The screen was blank. I unplugged the power cord, plugged it back in, turned the power switch off and on and there was still nothing.
I guess it just goes to show, nice concept, poor execution. Arcade machines and water are a bad thing.
There comes the time in every collectors life that they have to sell off a few games. The reasons are many.
Sometimes we need the cash to fund another game purchase. Sometimes we need the room for a new game. Then, every once in a blue moon,
we actually tire of a game and decide to pass it on to the next person for their enjoyment.

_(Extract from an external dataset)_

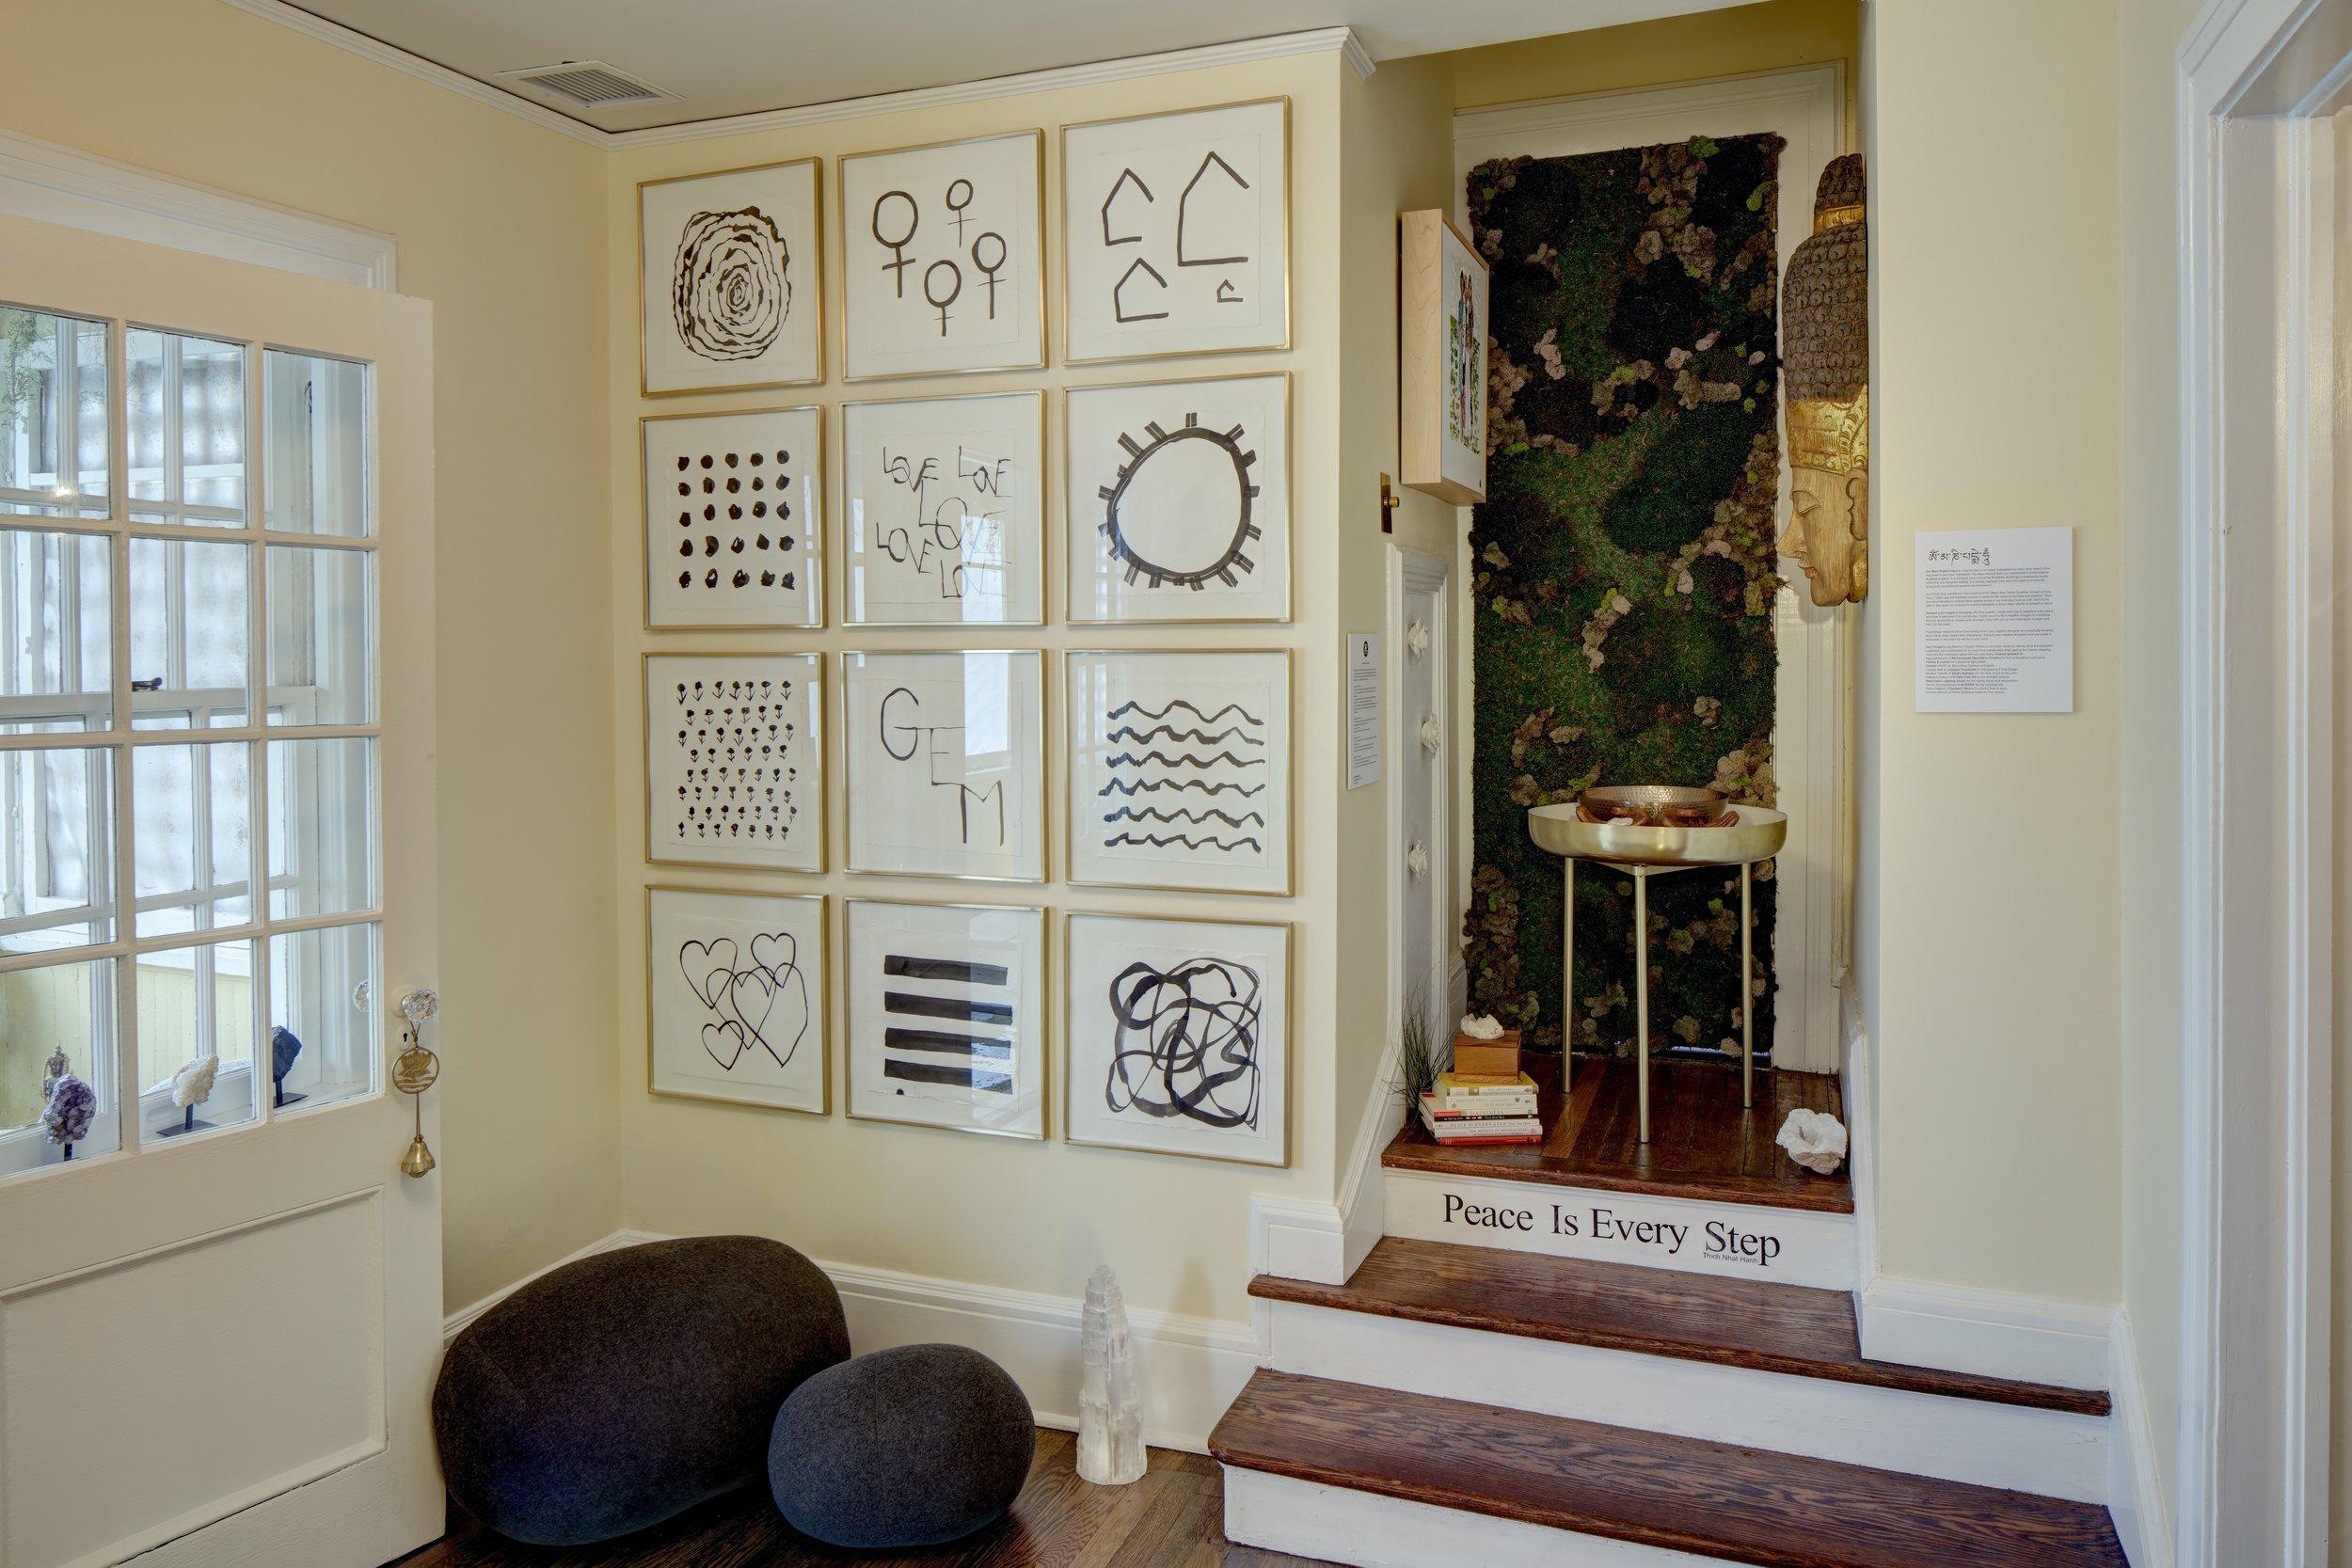 Marina V Design Studio Showhouse meditation space img3.jpg
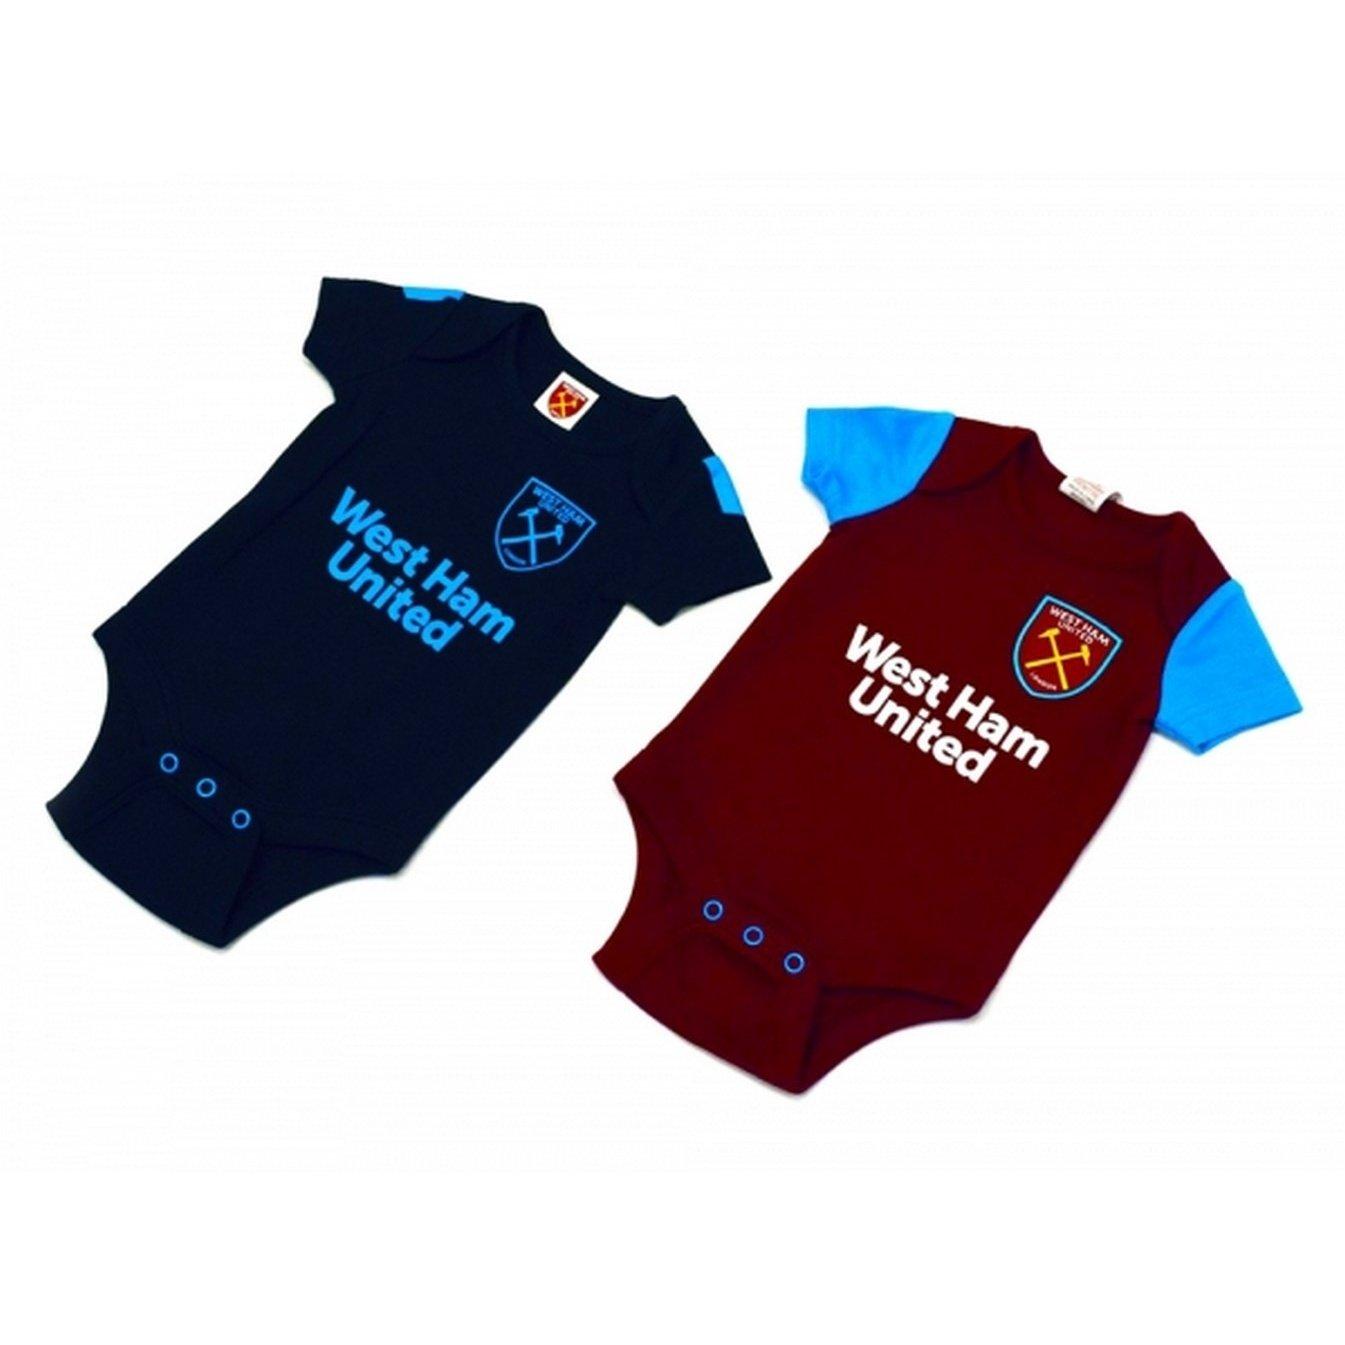 West Ham Unitedベビーボディスーツ2017 / 18 B076KMP5MK12 18 Months

For me it was all of the above. So I put Elevator Action and Road Riot 4WD up for sale on Craigslist. For some reason my kids wouldn't
go near Elevator Action. They said the just didn't get it, although the instructions were clearly printed on the game bezel. Then the Road Riot 4WD has
not received any love ever since I got the totally insane, totally awesome, totally collectible Outrun driving game. Excellent.
So there you have it. A nice gentleman opening up a vintage collectible store purchased the games. He was completely happy with them, and sent me
on my way with several issues of a new vintage gaming magazine he is publishing.
The Simpsons has been in syndication since 1989. I was an instant fan. The Simpsons and Beavis & Butthead cartoons skirted the rules for what was considered the norm.
Then the Simpsons arcade game came out in 1991. An arcade game starring one of my favorite cartoons? Of course I was hooked. Later on through the years my kids loved the show and the game. The great
thing about this game is its ability to play 4 players at once. I don't have any 4 player games, so I have been looking for one of these for awhile.